Founded by Stanford and UC Berkeley researchers, we are lean, deeply technical, and operate at extreme speed, taking on unglamorous and conventionally impossible problems that directly unlock step-function gains in model capability.
The deployment of capable humanoids at scale will permanently redefine human labor. Undesirable physical work will disappear, and human effort will shift toward a new era of abundant creativity.
We are building the infrastructure to accelerate that transition by assembling the Human Archive mafia. You will own meaningful systems from day one and see your work directly impact model capabilities. This is a once-in-a-generation inflection point. If you want to help reshape physical labor and work on problems that matter at civilizational scale, join us.
The Opportunity
As an Infrastructure Engineer at Human Archive, you will build and optimize the storage and offloading infrastructure powering PB-scale multimodal robotics data collection used to model human embodied intelligence.
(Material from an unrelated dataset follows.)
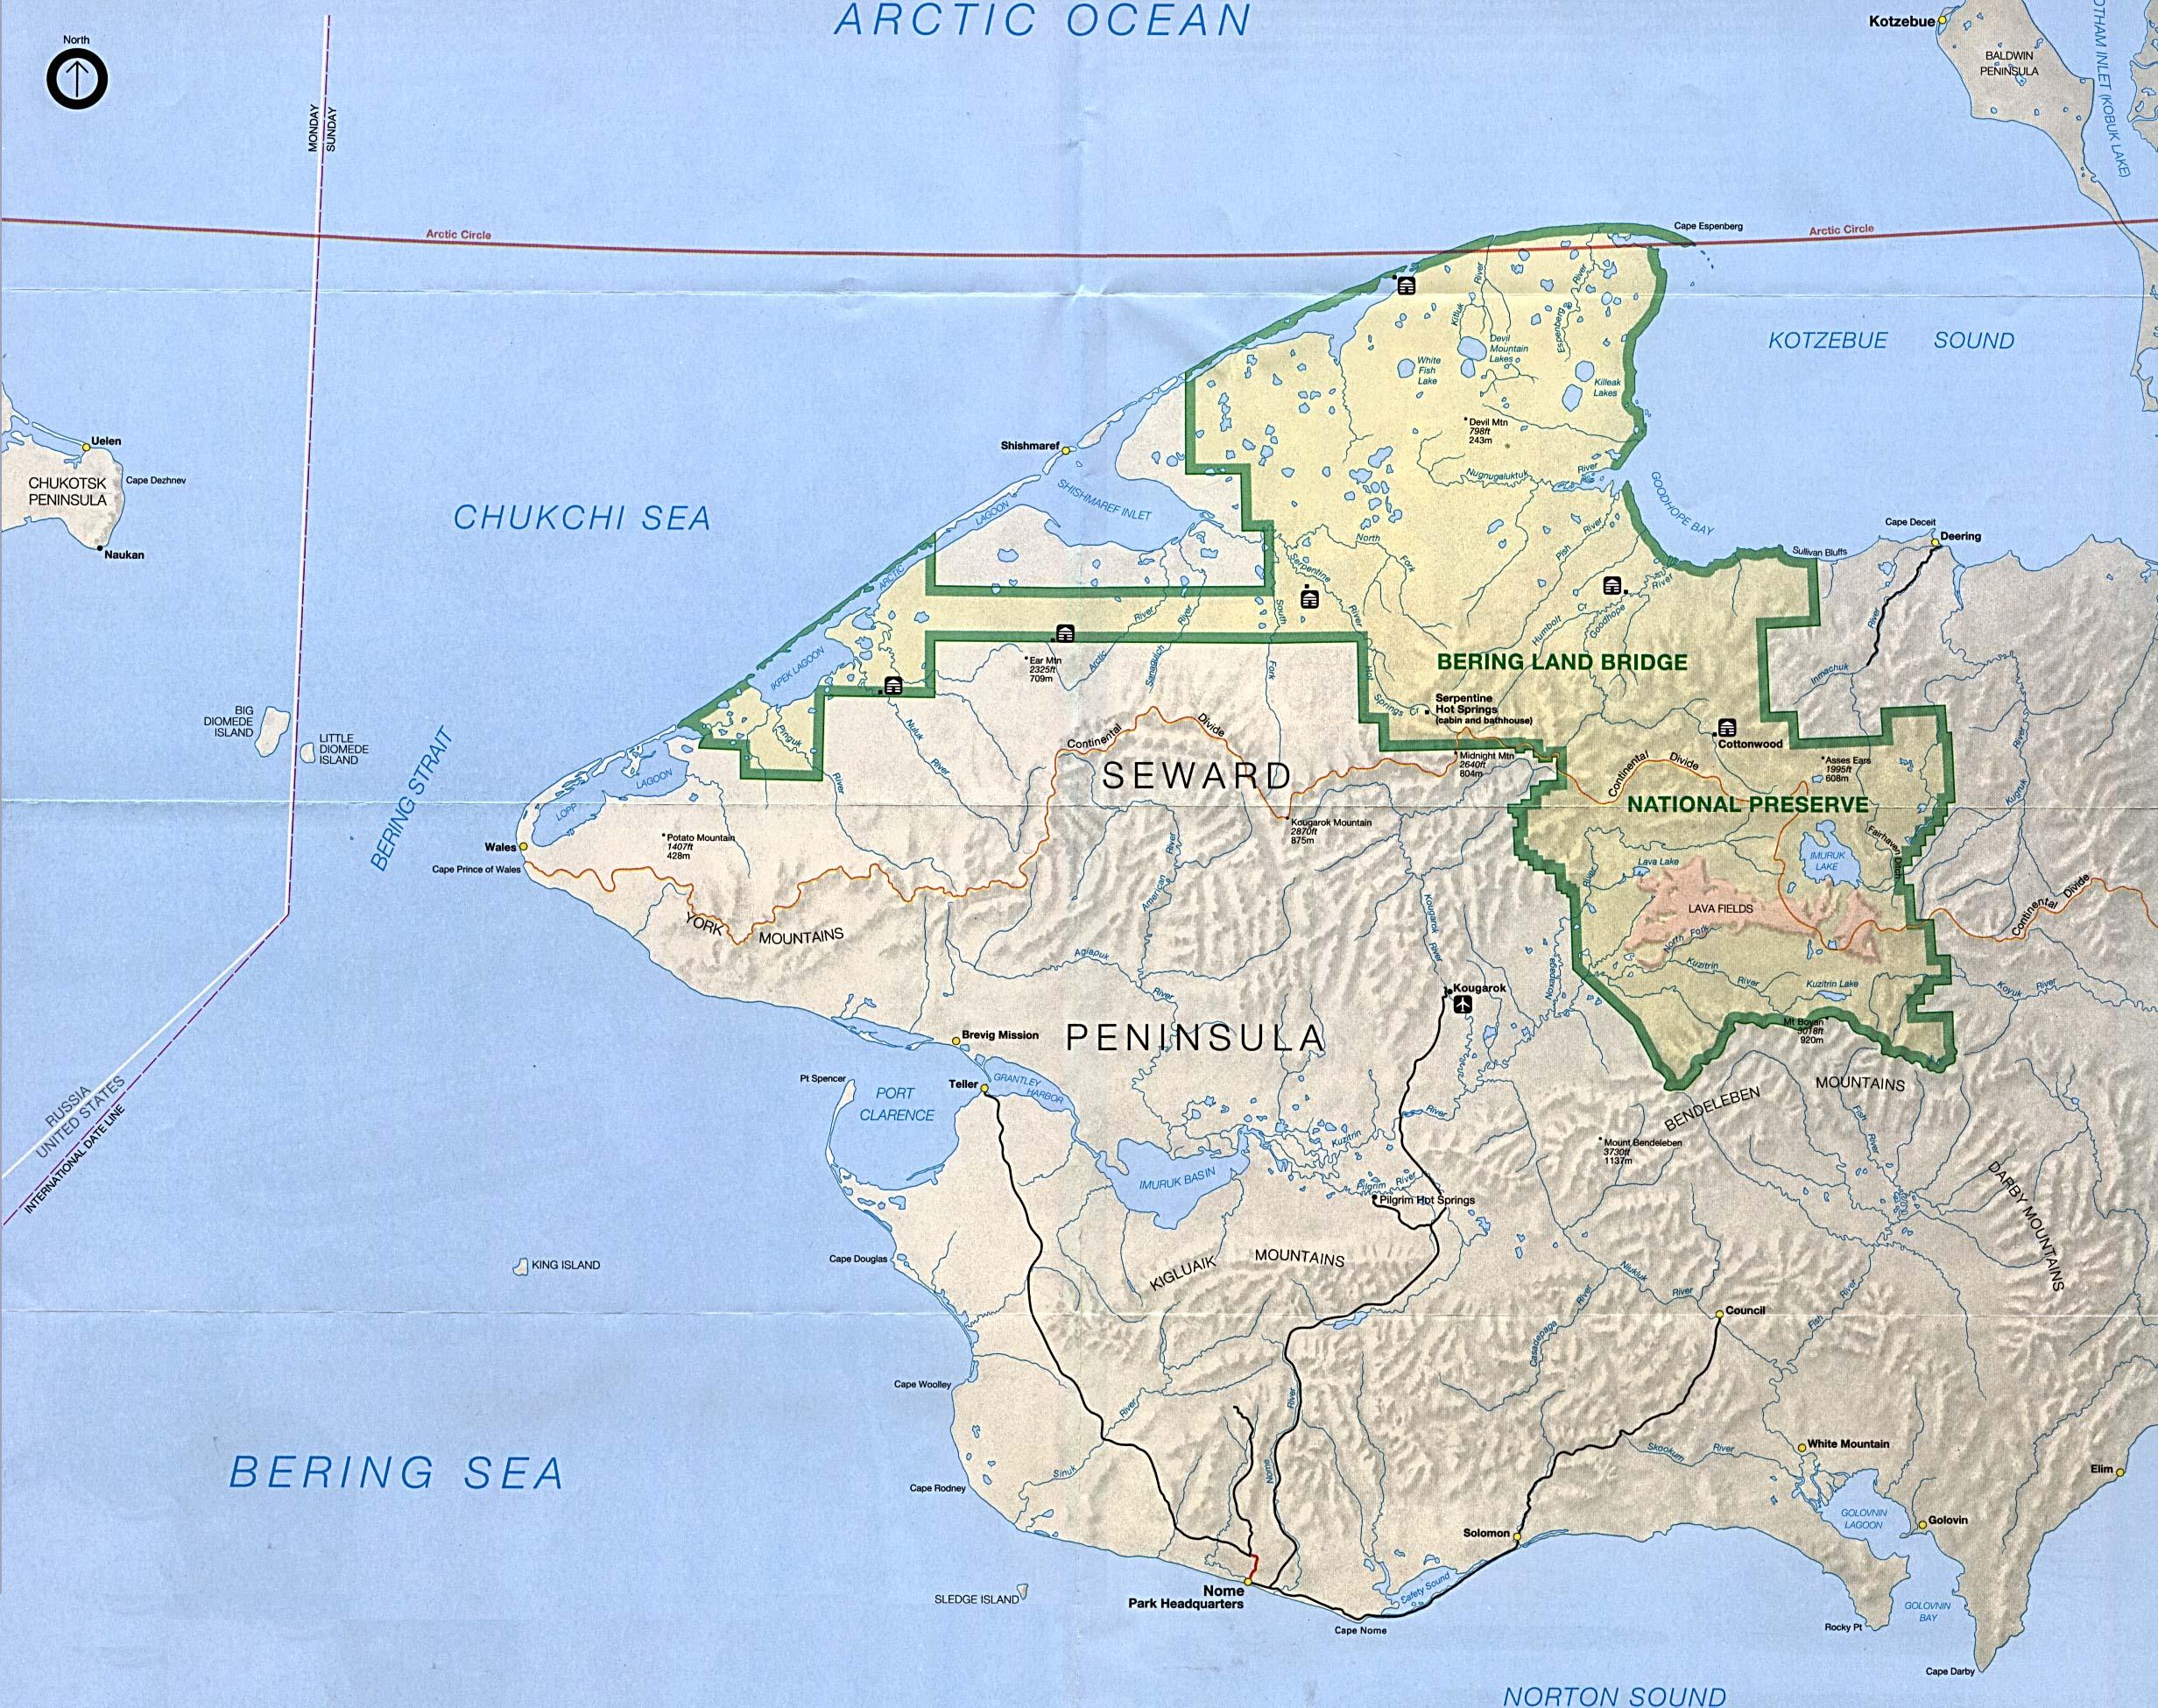 map to enlarge bering land bridge national preserve click

This is a hands-on role focused on high-throughput data movement, storage systems, AWS optimization, realtime offloading, and distributed infrastructure reliability. You’ll work across multimodal sensor streams, server infrastructure, GPU compute, and large-scale data pipelines while improving throughput, storage efficiency, and deployment reliability across global operations.
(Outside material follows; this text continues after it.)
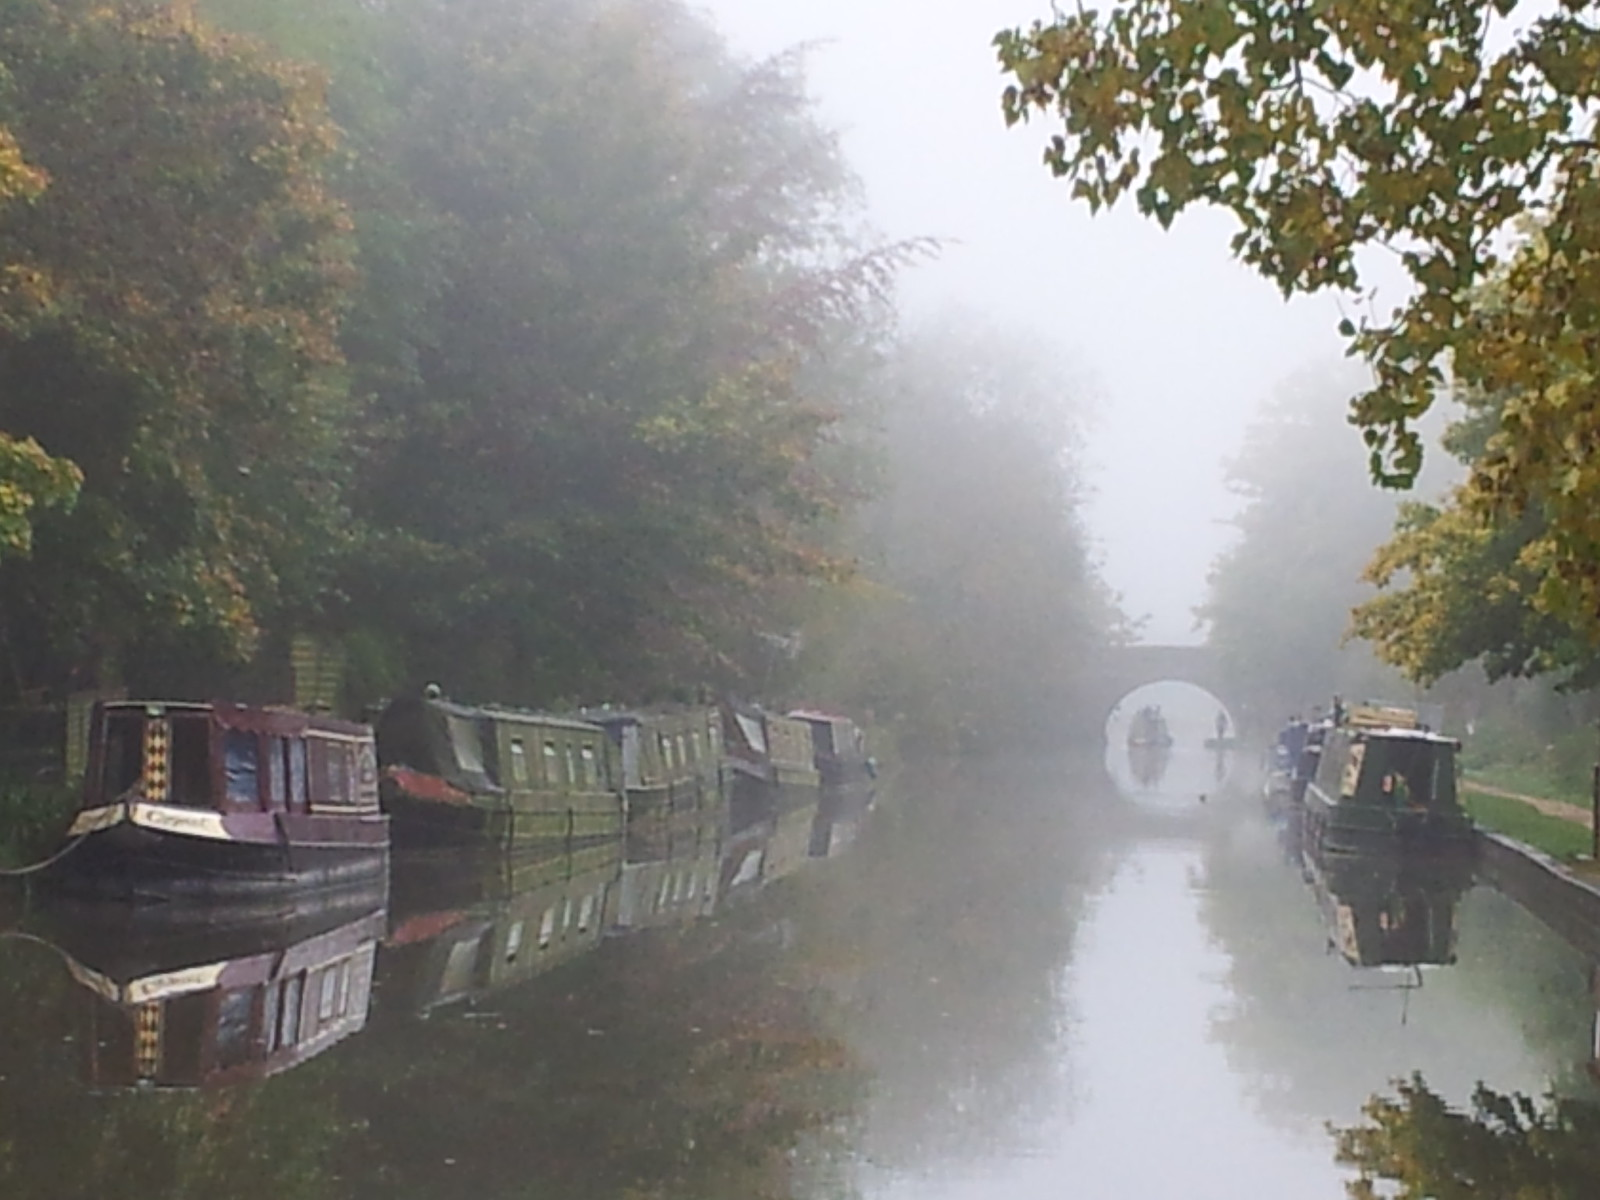 Misty Avon Canal

Your work will shape how frontier labs and leading robotics companies train their models, transforming physical labor markets and economies while contributing to broader research into human embodied intelligence.
What You’ll Do
Build PB-scale storage and offloading infrastructure for multimodal robotics data
Design high-throughput upload and distributed storage systems
Optimize AWS costs, networking performance, and compute efficiency
Manage servers, GPU nodes, and deployment infrastructure
Build reliable ingestion and retrieval pipelines
Identify and eliminate infrastructure bottlenecks
Improve infrastructure speed, reliability, and operational efficiency
Prototype quickly and iterate from deployment feedback
The Opportunity
5+ years of experience in infrastructure or large-scale data engineering
Strong experience with AWS, networking, storage systems, and distributed compute
Experience building high-throughput data pipelines
Strong proficiency in Python, Go, Rust, C++, or similar languages
Strong systems thinking focused on speed and cost optimization
Experience working with PB-scale datasets or multimodal infrastructure is a strong plus
Bangalore-based or willing to relocate